2- Divide when the problem gives you the part and the percent.

3- Divide when the problem gives you the whole and the part.

To use ‘em, you gotta know what ‘percent’ ‘whole’ an’ ‘part’ they mean. Here’s an example.

40 of the students in a class of 200 got B’s on their test. 10 got A’s, 2 got F’s, and 20 got D’s. What percentage of students got C’s?

What’s the whole, part, and percent?

The whole is the whole class: 200.

The percent is the percent of students got C’s. That’s what you’re looking for.

The “part” is the number of students that got C’s.

See, a “percent” is the fraction (or ratio) of the part to the whole. That’s all… it’s just a fraction, with the top divided by the bottom. So, 1/2 = 50% (1 divided by 2 = .5 = 50%) and 3/4 = 75% (3 divided by 4 = .75 = 75%). The part divided by the whole = the percent.

Part ÷ Whole = Percent

So, in a sense, a percent is the same thing as a fraction. 1/8 of a pizza is the part (1 piece) over the whole (8 pieces make a whole pizza). That same slice of pizza is 12.5% of the pizza, because 1 divided by 8 = .125 (12.5%).

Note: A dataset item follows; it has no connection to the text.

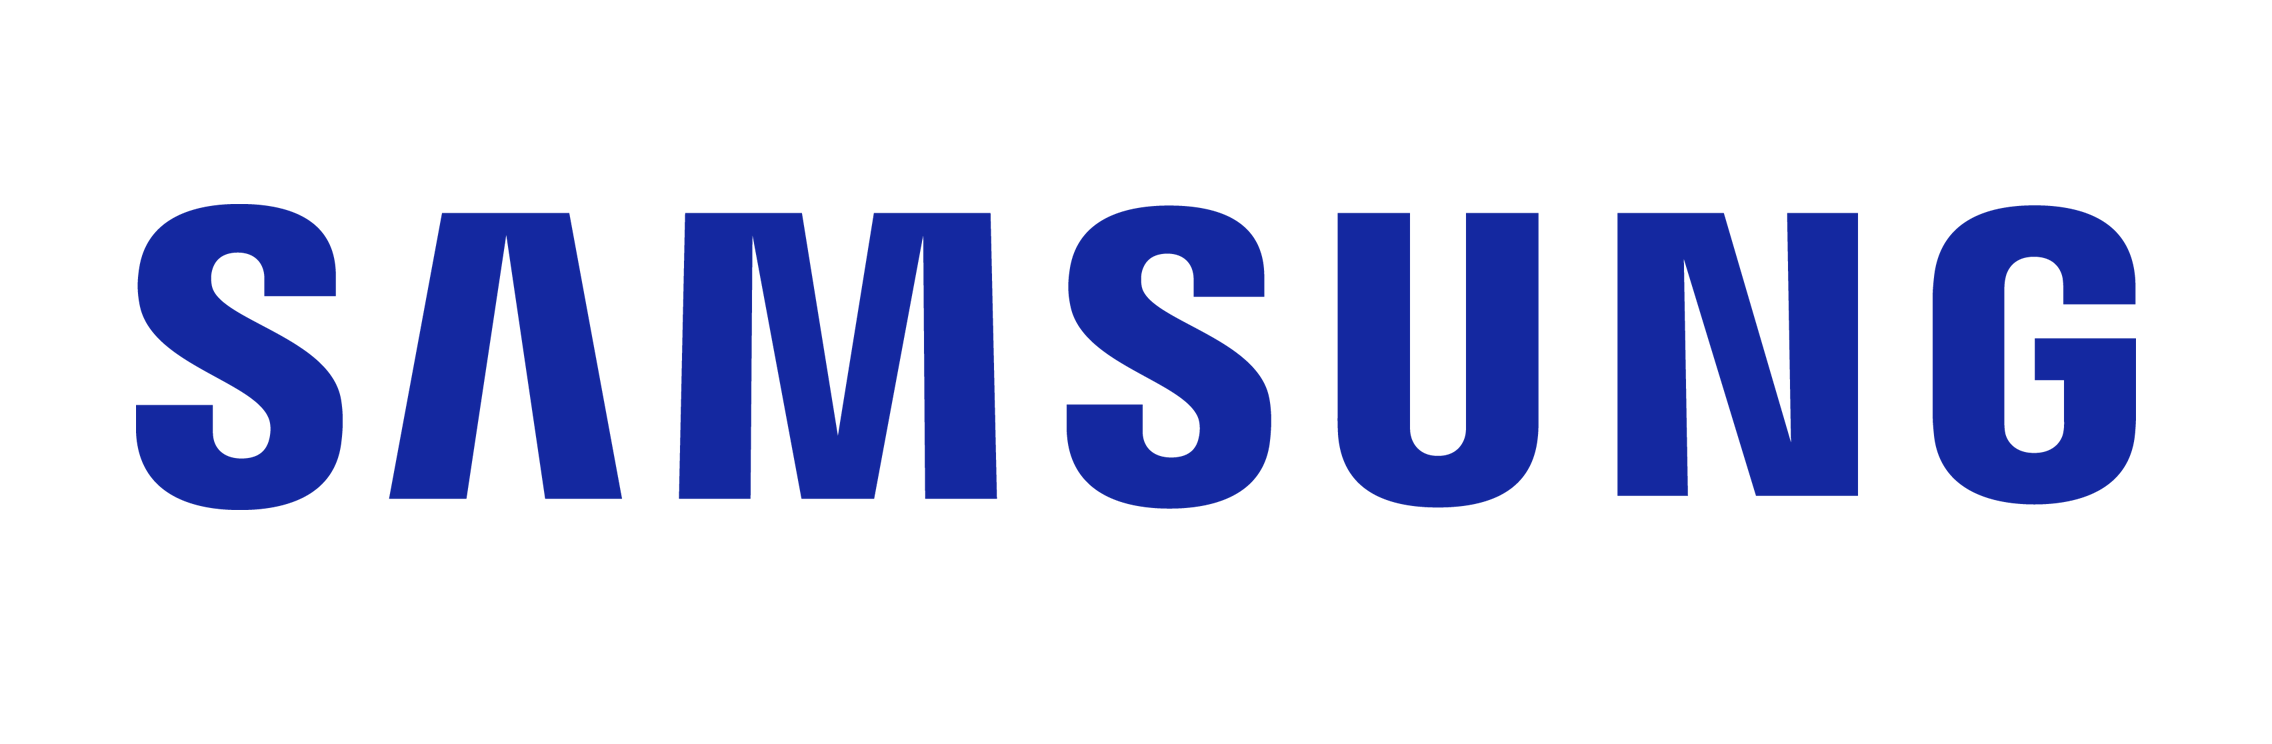 Samsung Mobile Logo, White Background, Blue text, Learn How to Repair Samsung Galaxy Mobile Phones with Khits Mobile Repairing Institute, udaipur

All three of the “rules” come from the equation: Part ÷ Whole = Percent, just written in different ways.

1- Multiply when the problem gives you the whole and the percent. (Part = Percent x Whole)

2- Divide when the problem gives you the part and the percent. (Whole = Part ÷ Percent)

3- Divide when the problem gives you the whole and the part. (Percent = Part ÷ Whole)

All these formulas say the same thing… it’s just moving the three pieces of the formula around. So really, all you need to do is figure out what the question’s askin’, and find the other two numbers to plug into the formula.

Back to the word problem. It’s asking for a percent:

Percent = Part ÷ Whole

The “whole” is the whole class, 200 students.

Percent = Part ÷ 200

The “part” is trickier, cuz the word problem is really in 2 parts. The “part” is the number of students that got c’s. So, you need to subtract all the other students who got other grades from 200.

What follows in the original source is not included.